O presidente do Comitê Olímpico Internacional (COI), Thomas Bach, pediu nesta terça-feira, durante a 129ª sessão do Congresso da entidade, uma "revisão total do sistema antidoping"

10:32 | 02/08/2016
"Os recentes acontecimentos mostraram que precisamos de uma revisão total do sistema antidoping da Wada (Agência Mundial Antidoping). O COI faz um apelo pela criação de um modo de combate mais robusto e eficiente que requer responsabilidades claras, mais transparência, mais independência e uma maior harmonia", declarou Bach na abertura dos debates do congresso da entidade, que definirá o destino dos atletas russos nos Jogos do Rio-2016.
O COI encarregou três de seus membros de estudar a "elegibilidade" dos atletas russos para os Jogos do Rio, depois do relatório McLaren, publicado em 18 de julho, desvendar um sistema de doping organizado no país e com participação do governo russo.
Esta comissão do COI estudará cada caso dos atletas russos individualmente e tomará uma decisão antes do início dos Jogos, nesta sexta-feira.
"No Rio, serão realizadas 4.500 análises de urina e 1.000 de sangue.

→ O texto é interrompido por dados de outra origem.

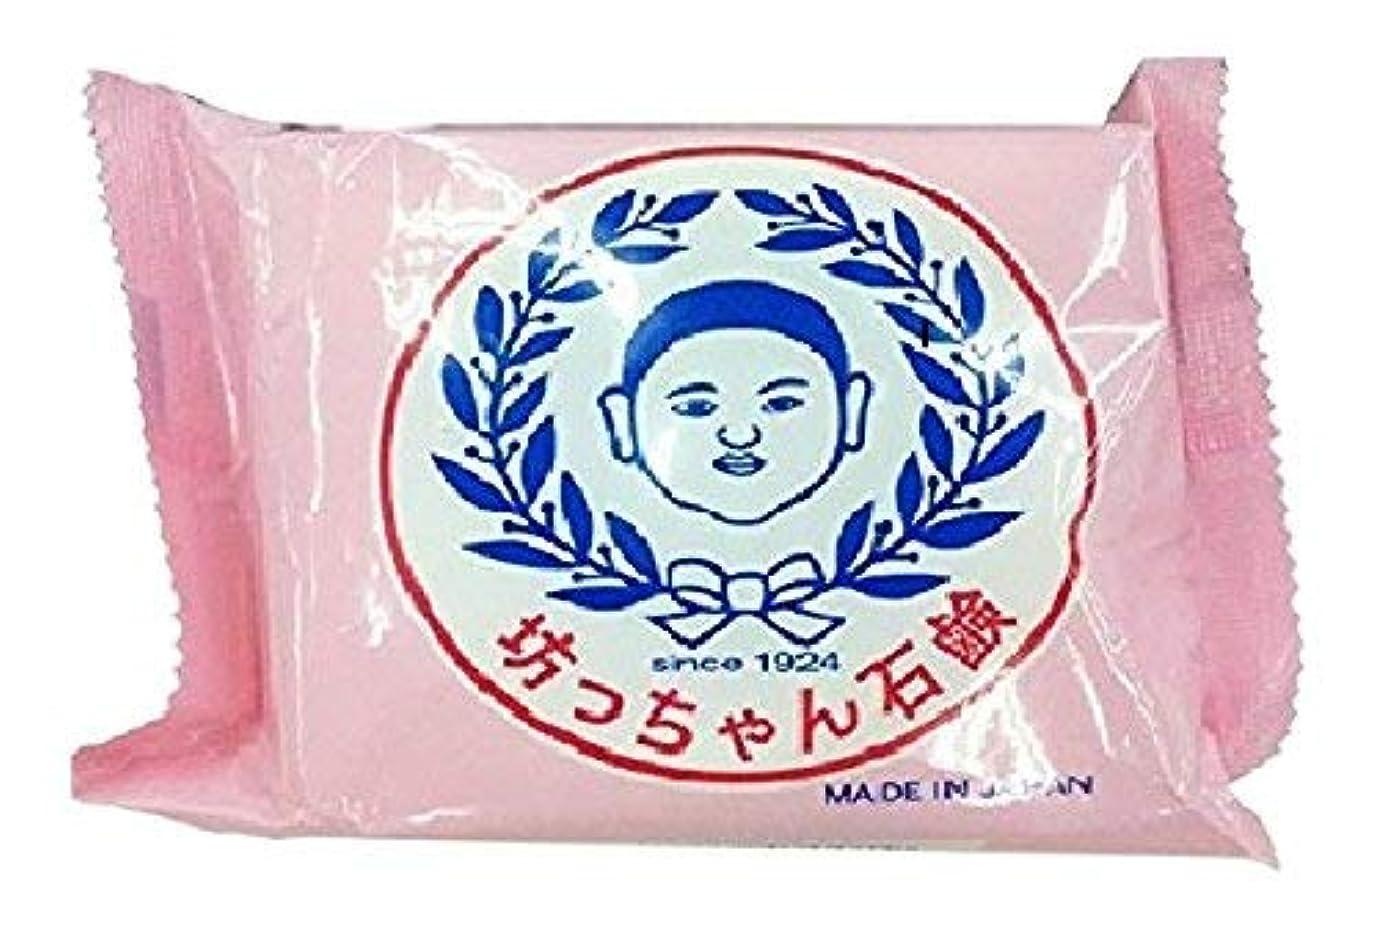 支援する傷つける作物【まとめ買い】坊っちゃん石鹸 釜出し一番 175g ×6個

As amostras destes Jogos de 2016 serão guardadas durante 10 anos. As punições em casos de doping nos Jogos serão responsabilidade de forma independente do Tribunal Arbitral do Esporte (TAS) e não mais do COI", explicou o dirigente.
"A mensagem que estamos mandando com todas estas ações é clara: queremos manter à distância todos os trapaceiros dos Jogos. Não há lugar onde possam se esconder", completou.
Bach se mostrou contrário às vozes que pediam uma suspensão total da Rússia, após a publicação do relatório McLaren, classificando essa possibilidade de "opção nuclear".
"Consideramos por um momento as consequências de uma opção nuclear. O resultado é morte e devastação. Não é o que defende o movimento olímpico", concluiu.